You’ll also want to consider the timing of your post. Get content up just before noon for 9:00-5:00 office workers going on their lunch breaks, or post in the late afternoon if you’re hoping to reach college students just out of class.


You might worry about becoming too hyper-specific with your branding, and fear alienating people outside your target audience if your content is too niche. However, excessively generic content runs the risk of not resonating with any audience—your social media marketing strategy has to strike a balance between these two extremes. The more personality you can inject into your content, though, the more memorable it will be. We’d recommend leaning more towards niche content than generic content, especially if you’re targeting younger audiences. If you make a niche post that someone in your audience doesn’t initially understand, you can use that confusion to your advantage; there’s a good chance they’ll poke around on your page for more clues as to what you’re posting about! If you are someone’s first exposure to a new trend or internet in-joke, your account acts like a gateway to a larger online community. You should try to create something that people want in on. This doesn’t mean you should aim to confuse with your posts, of course, but don’t be afraid to jump on the latest viral craze! Memes, popular shows and movies, and even celebrity gossip are all fair game.

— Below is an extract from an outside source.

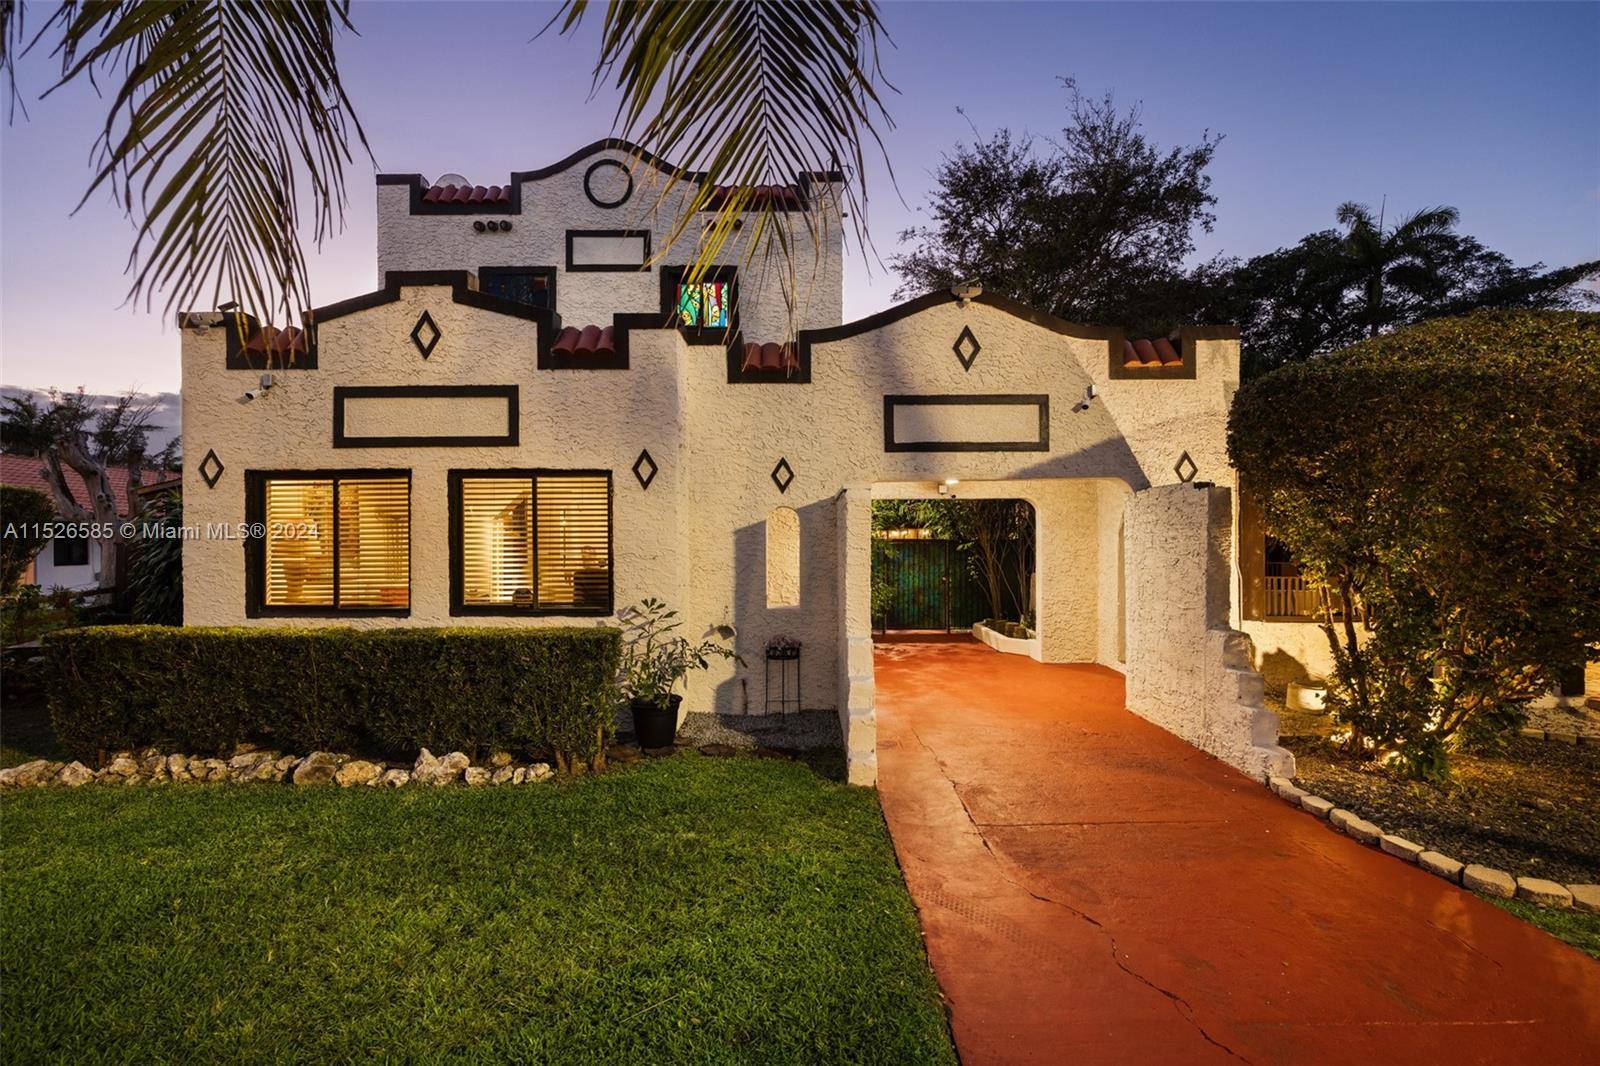 Discover the allure of this 1920s mission style gem in Biscayne Park.

If you can invest in audience research, you’ll be able to target consumers with even more specificity. You can learn which platforms your audience use, what sort of other content they come to those platforms to find, and much, much more. Even without paying for research, though, you can pay attention to your audience and learn a lot about how they behave based on how they engage with your content. Stay as responsive as possible, and understand that the segment of your audience you’re most interested in reaching could evolve over time. If your content starts to really resonate with people outside the target audience you had in mind, it never hurts to reevaluate your strategy. Think about leaning into a new niche if that new niche could make for a richer, more active online community. At the end of the day, what you want is to build relationships online. Once you are a consistent, recognizable presence in your followers’ feeds, you’ll become part of their habitual social media use. You don’t just want to be “an account”—you want to be one of the accounts, with an audience that knows what to expect from you and would miss your content if it vanished from their feed. To get to that point, though, you have to start by knowing exactly who it is you’re trying to connect with. Find your niche and fill it!